That gave me this warm welcome and then when I got into middle school, I very much got into computer video games and specifically Minecraft. That got me– Now I was faced with problems that I was needing to solve, being that I wanted to create a Minecraft server, and I needed to figure out how to do it. I spent a really long time learning about how to fix and make this Minecraft server.

That got me very interested in servers in general and using a computer as a host to run a function. That idea, I’m not sure why, but it just latched onto my brain, and I loved that concept. Specifically, a computer that would run all the time. It’s weird, but the idea of servers itself is what really, really interested me. Then, as I grew up, in high school, I was just very, very bored after the swim season ended, and I wanted to learn.

I just started putting my resume out there. I didn’t have anything on my resume related to computers, but I just started giving my resume to people, telling them that I’d work for them for free. I ended up walking into an internship at a local IT shop, and I worked with them every day after school from 3:00 to 5:00. I did that for about two years. Then I created this sort of basis of knowledge that I have been pooling from my entire career of just an understanding of how computers work and how they’re put together, and all that kind of thing. It’s grown from there. Yes, that’s how I started out being interested in this field, and that’s the direction that it took me.

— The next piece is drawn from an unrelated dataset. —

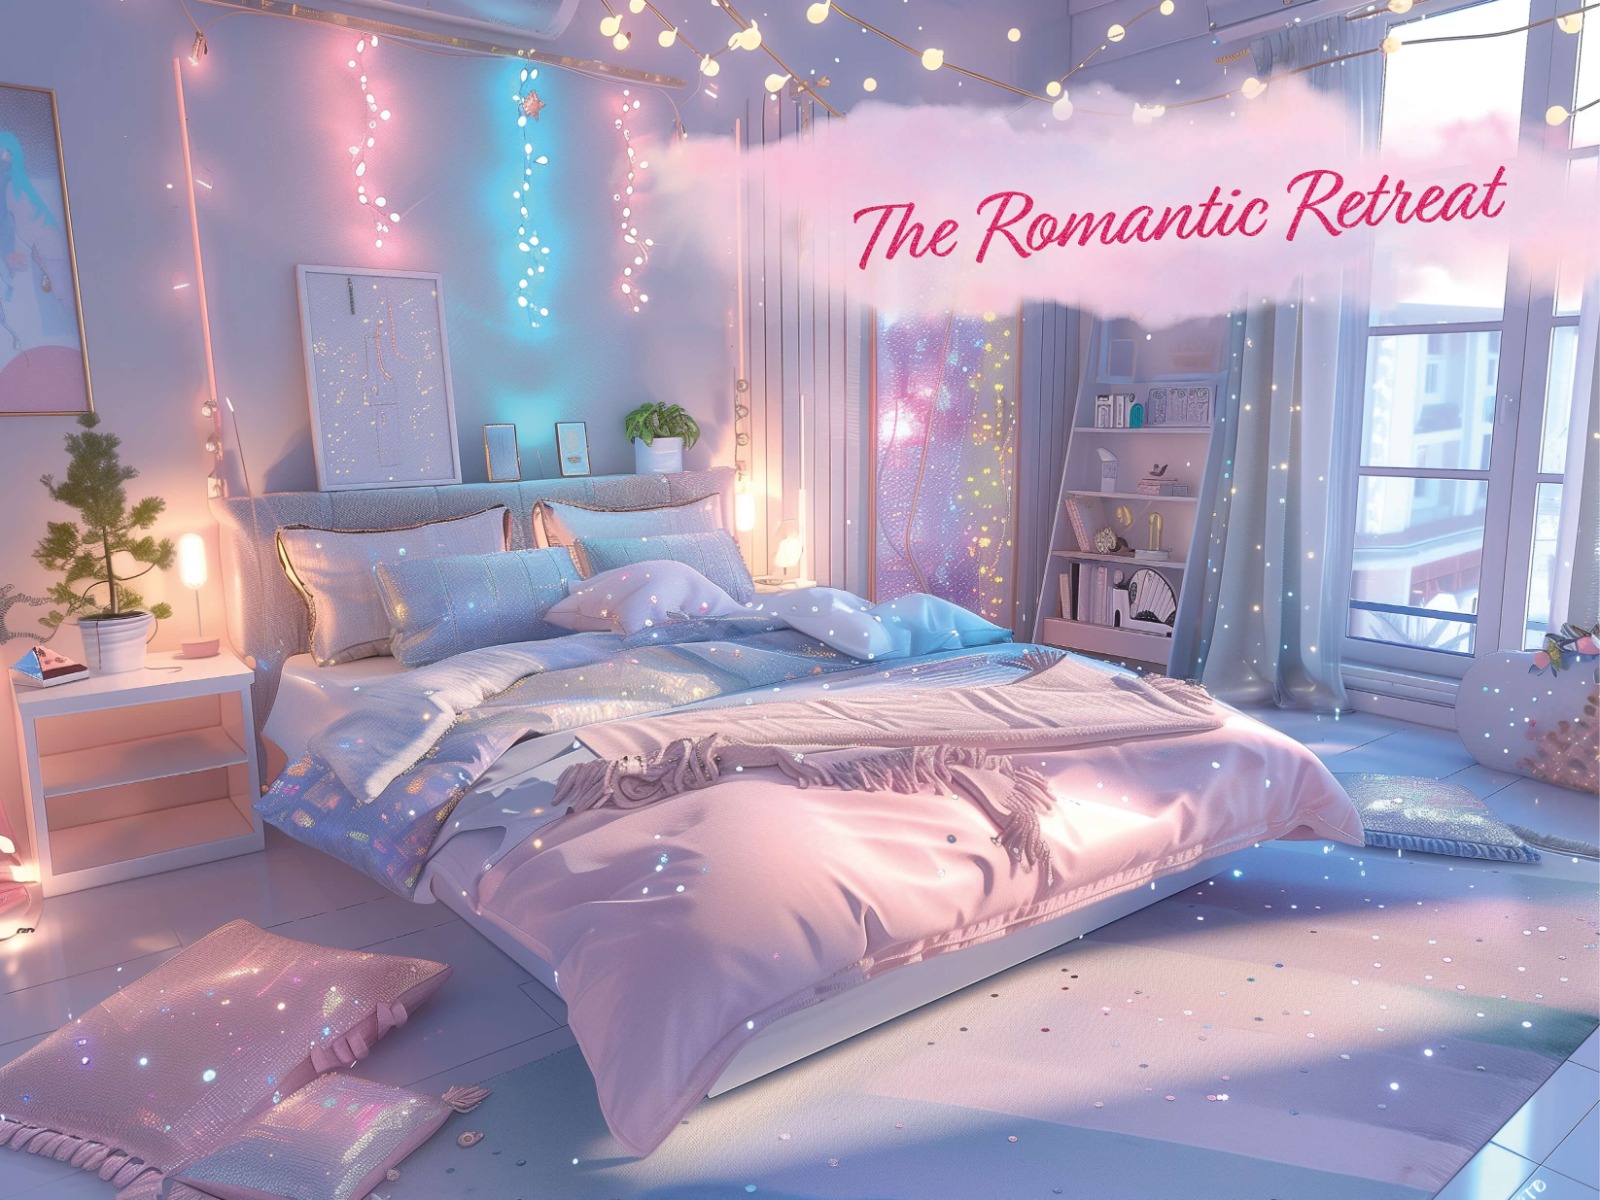 Romantic retreat bedroom

[00:04:28] Gretchen: How old were you when you built your own computer?

[00:04:32] Duncan: I wasn’t that old, or I wasn’t that young. I think I built my first computer when I was 18.

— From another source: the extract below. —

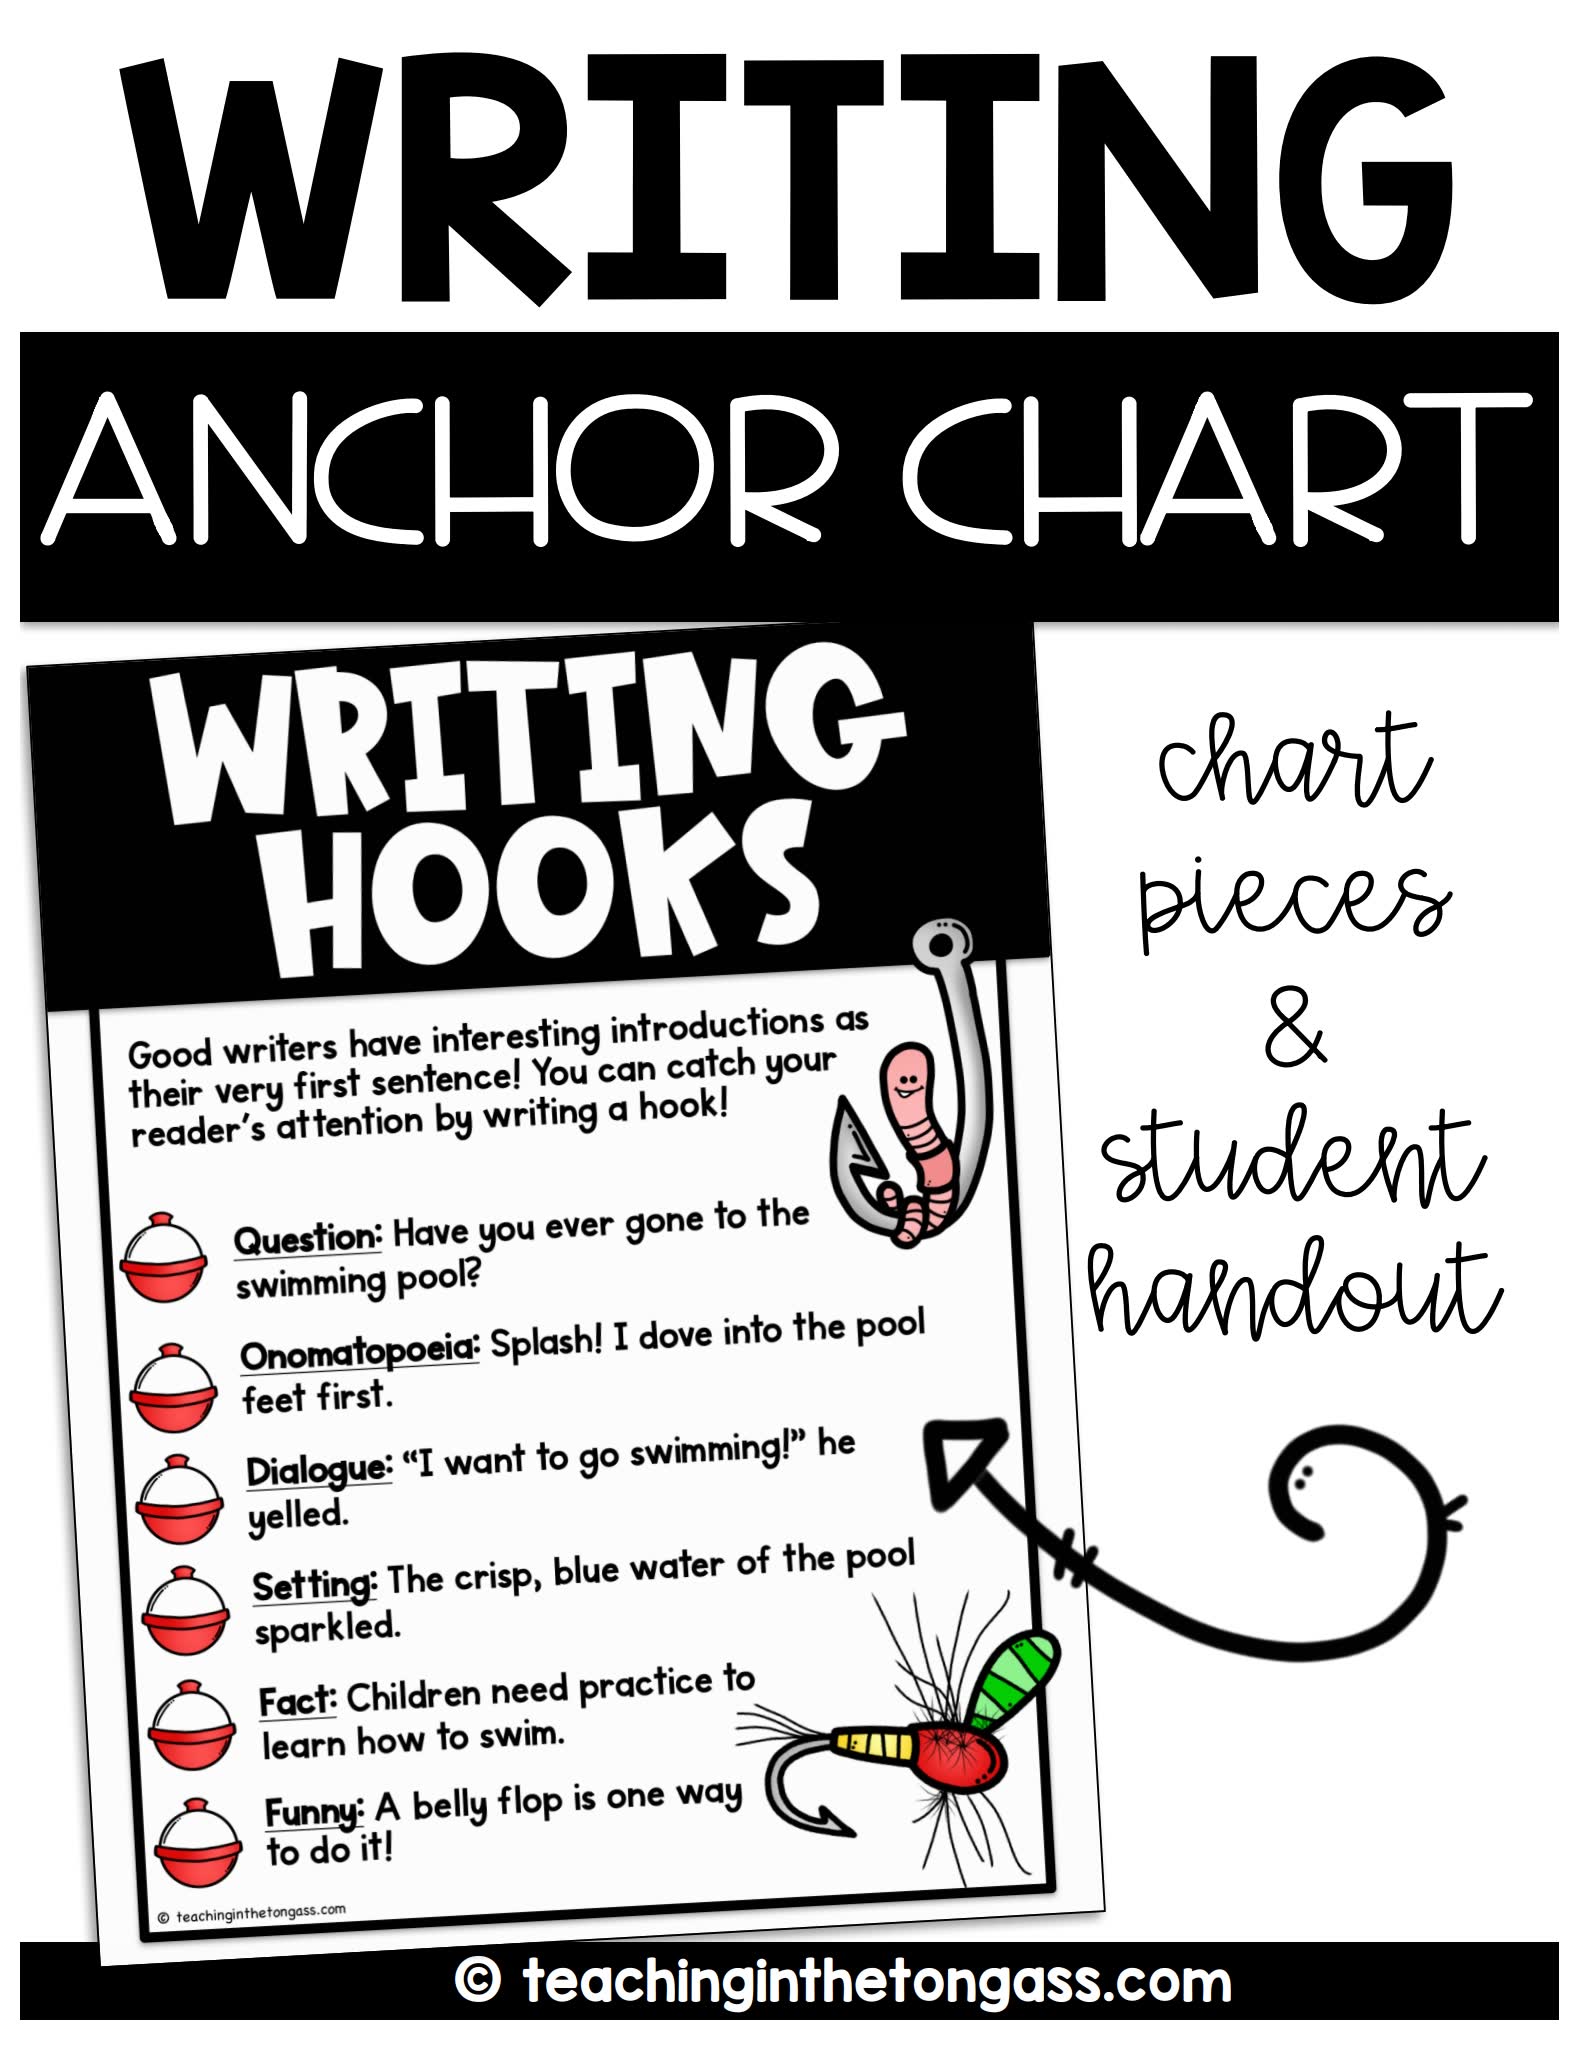 《Writing-Anchor-Chart》写作技巧英文海报26册

[00:04:38] Gretchen: Okay. All right. It started with a Raspberry? Do I remember this correct? Do I have the right fruit?

[00:04:45] Duncan: No. That was a different thing. That was a project that I started when I was in high school, where I was just fidgeting around with smaller computers, basically. A Raspberry Pi is like a computer about the size of a credit card that has very, very minimal specifications, but it can run certain tasks. I was just fidgeting around with the Raspberry Pi to run different things, but I built that computer because I needed a powerful workstation to help me with my code, or at least as a place for me to code. Then I needed something to play video games with, and that’s what that ended up being.

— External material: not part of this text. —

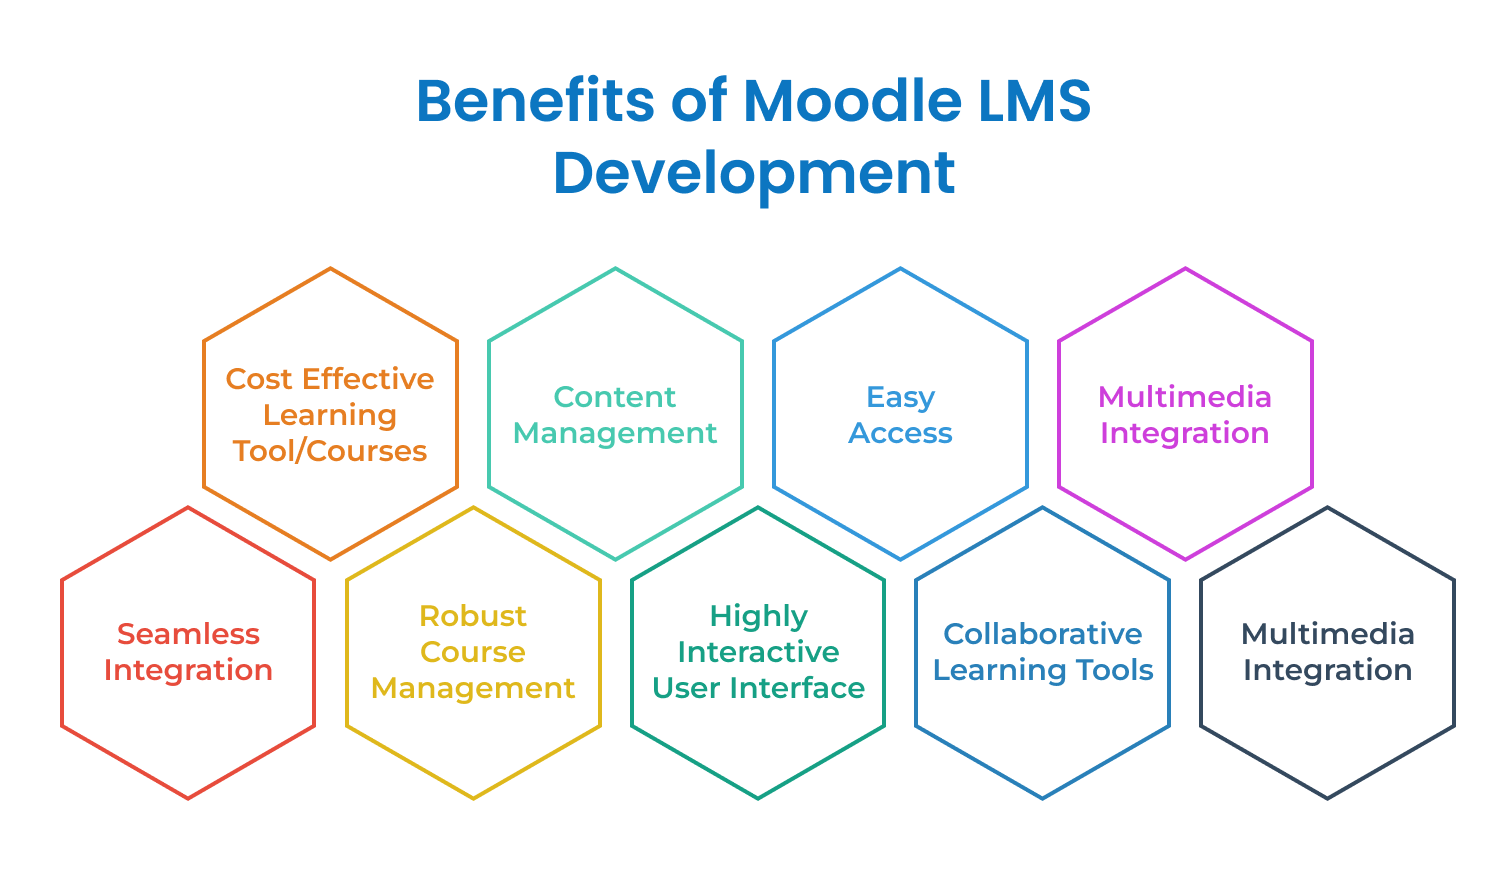 Benefits of Moodle LMS Development

[00:05:22] Gretchen: Didn’t you end up running a family Minecraft server that you guys were playing on together?

[00:05:29] Duncan: I put one together at some point. I’ve had all sorts of things going, but I don’t think I ever got one running for the family. I never was able to get it so that the server would go outside of our network. I only ever had it so that it was just a local server. Yes, I never actually got to that point where other people were able to connect to it. That’s mainly just because I didn’t have the hardware to run that kind of thing.

[00:05:53] Gretchen: Right. Okay. First, talking about your senior year in high school and doing that internship, you were mainly working in the repair end of computers at that point, right? You were learning the language, the verbiage, the elements, and components?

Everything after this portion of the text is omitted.